Его глаза опять расширились.
— Ох, — сказал он, улыбаясь, — опять они!
— Ну конечно, куда же они денутся. До скорого, Билл!
— Пока, дружище! — Он рванул автомобиль с места так, что из-под колес выстрелил гравий. Я отвернулся и стал подниматься по лестнице.
— Добрый день, яа Сиди, — сказал дворецкий.
— Привет, Юсеф. Я хотел бы видеть Фридлендер Бея.

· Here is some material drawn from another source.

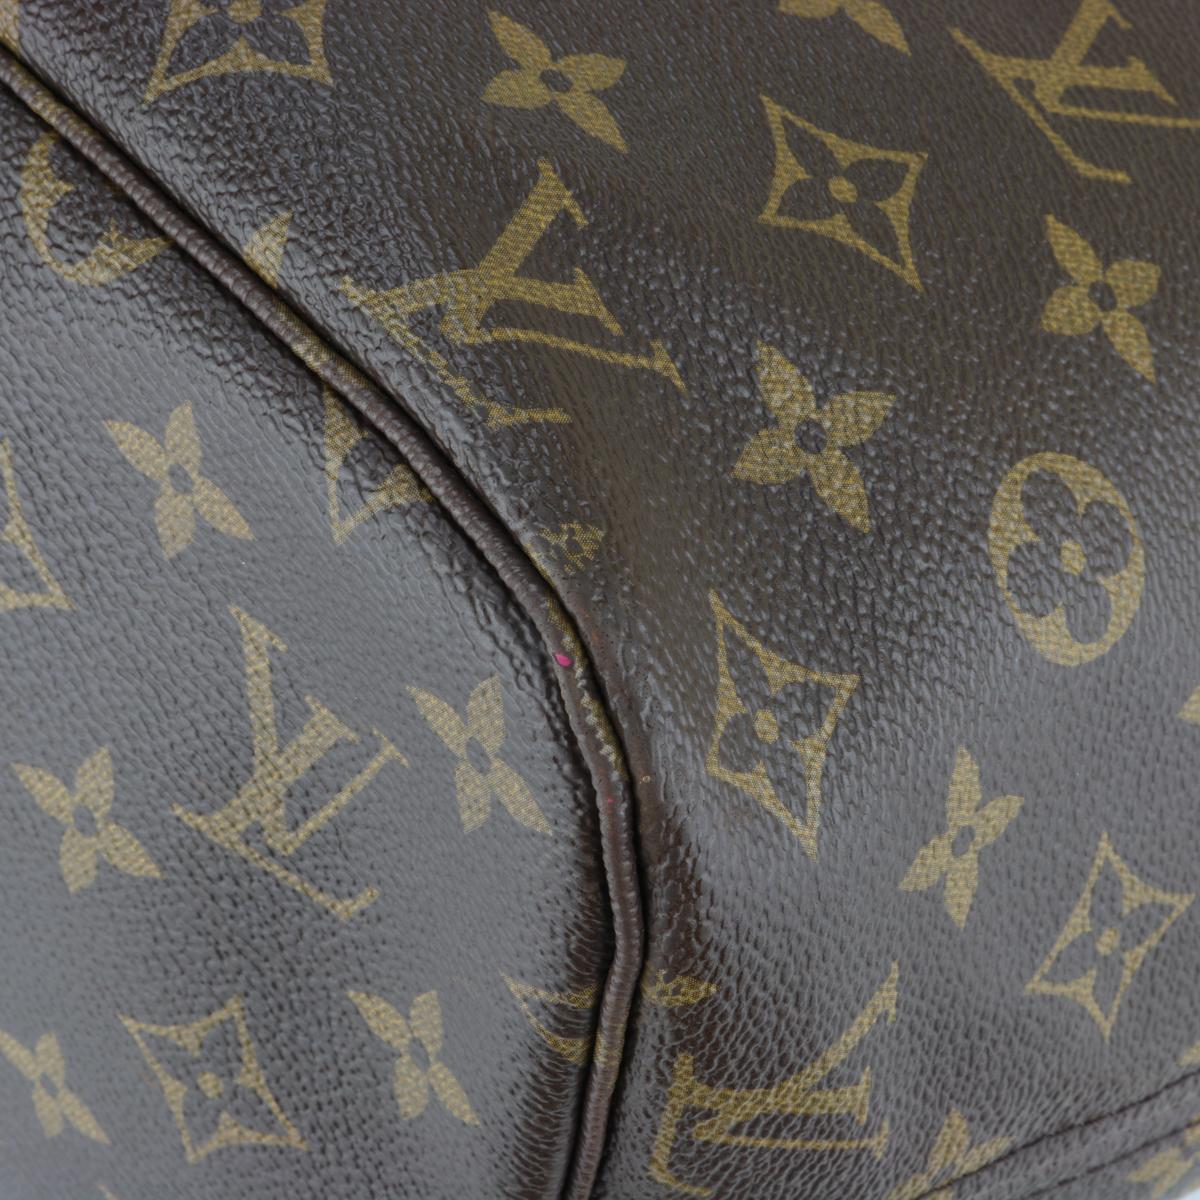 Louis Vuitton Neverfull MM Bag in Monogram with Beige Interior 2017 For Sale 3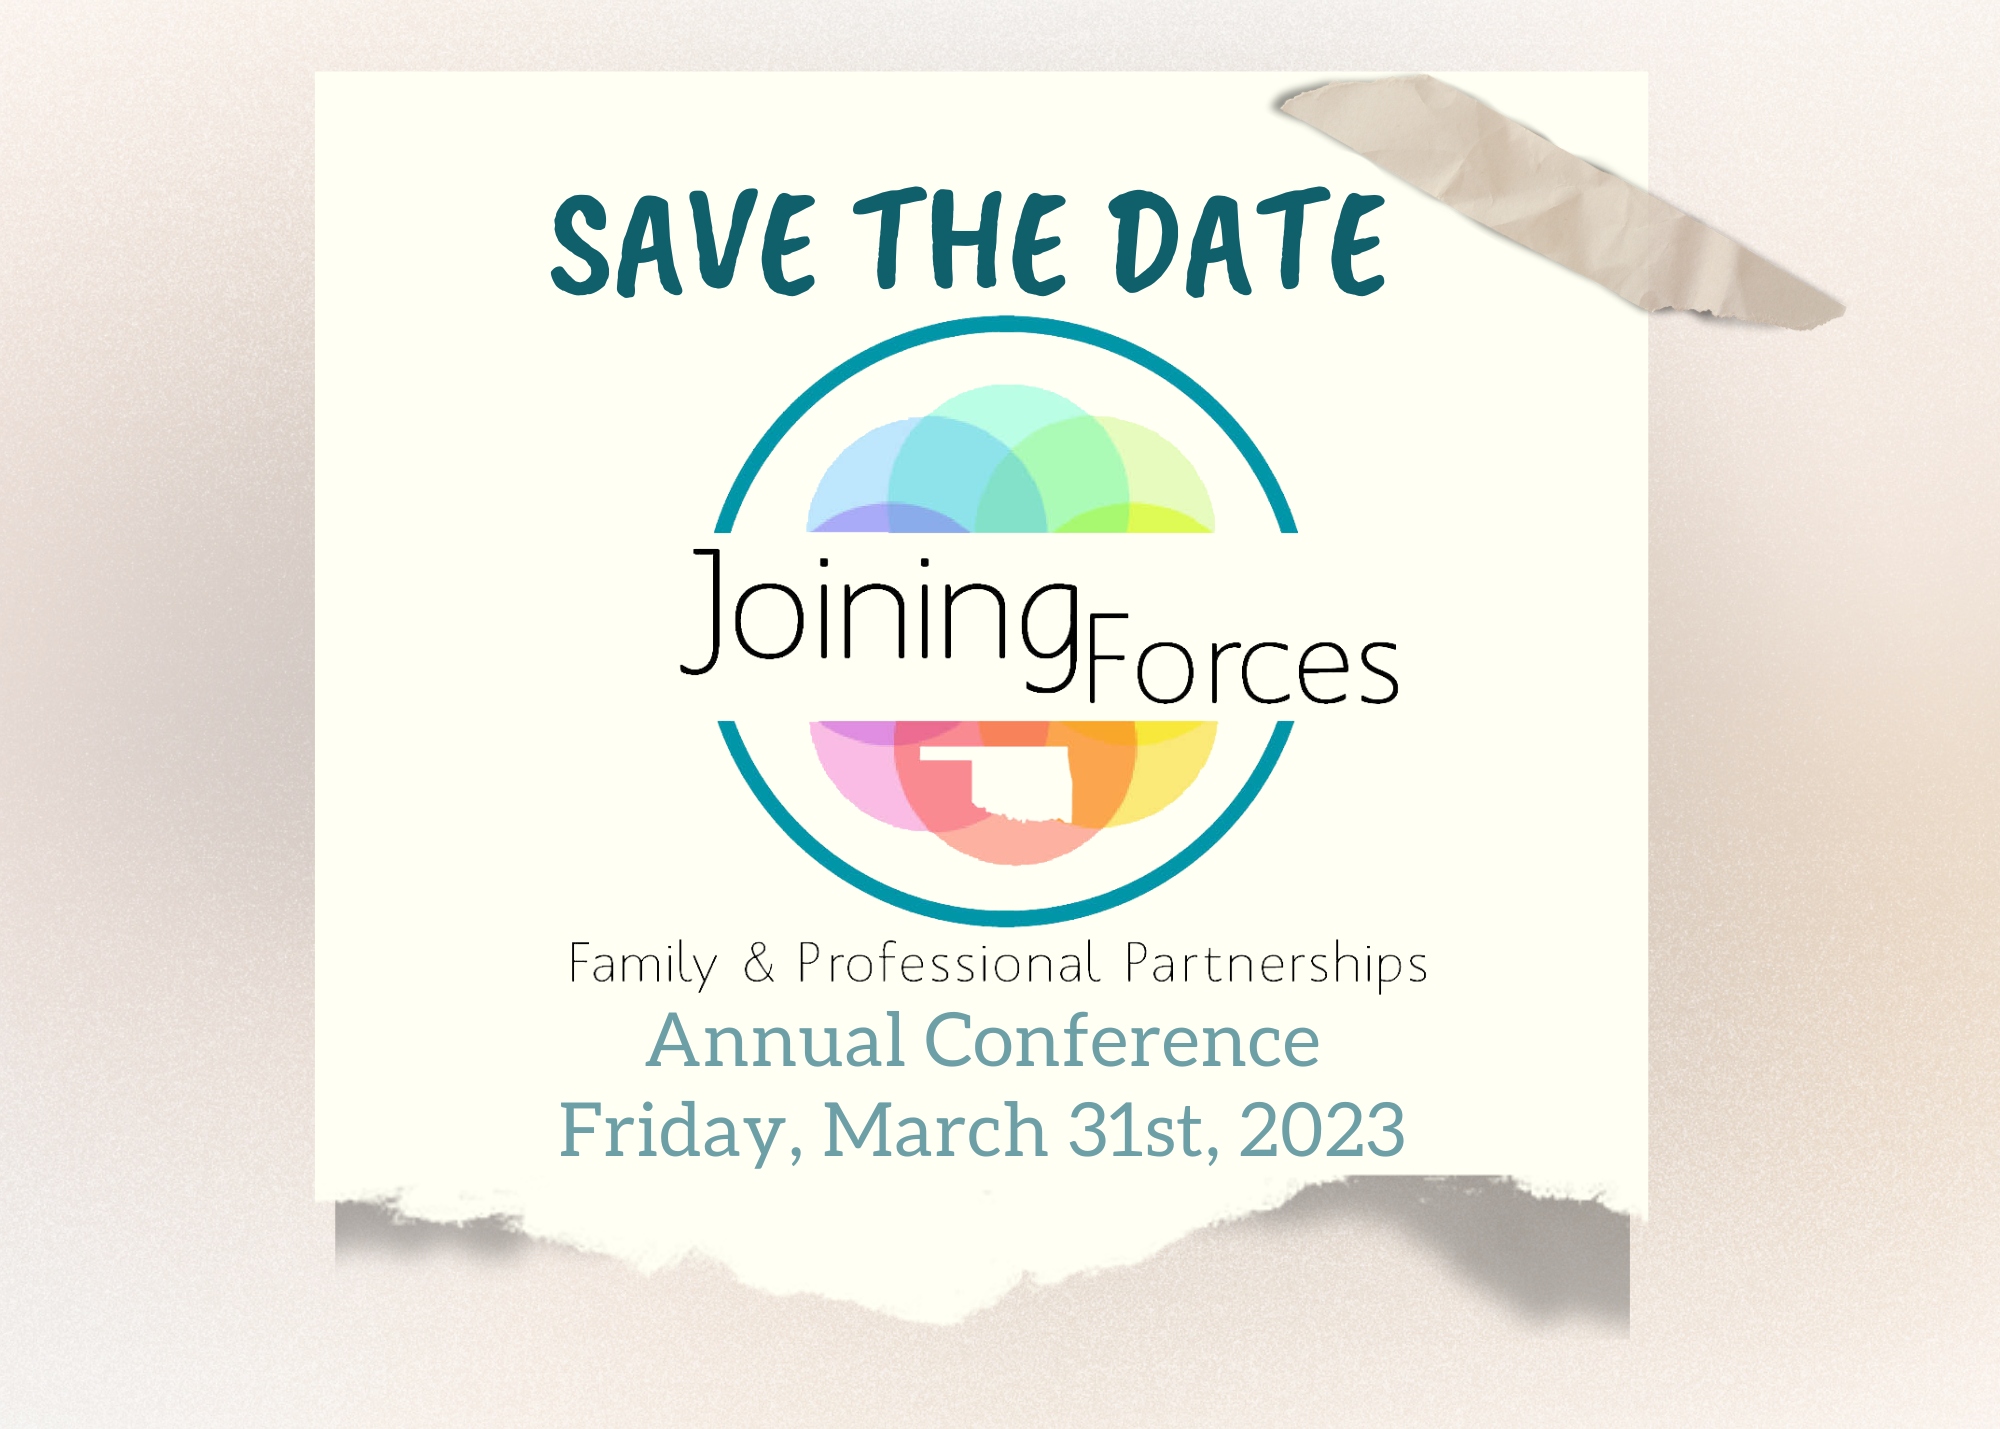 Save the Date for Joining Forces on Friday, March 31st 2023

— Да, конечно. Хорошо, что вы дома, сэр.
— Да, спасибо.
К Папочкиным офисам мы пошли по коридору с тонким ковровым покрытием. Воздух был прохладен и сух, и я почувствовал нежное дуновение многочисленных вентиляторов. Вокруг тонко и маняще благоухало ладаном. Свет струился через жалюзи, сложенные из тонких деревянных реек. Мелодично звенели струйки воды; в одном из двориков бил фонтан. У самого входа в зал ожидания я увидел высокую, хорошо одетую женщину: она пересекла холл и поднялась на несколько ступенек. Женщина скромно улыбнулась мне И тут же отвернулась. Ее черные и блестящие, как обсидиан, волосы туго стянуты в узел. Руки были бледными, а пальцы длинными, тонкими, необычайно изящными. С первого взгляда было видно, что у этой женщины есть стиль и манеры. Но вместе с тем чувствовалось, что при необходимости она может стать коварной й жестокой.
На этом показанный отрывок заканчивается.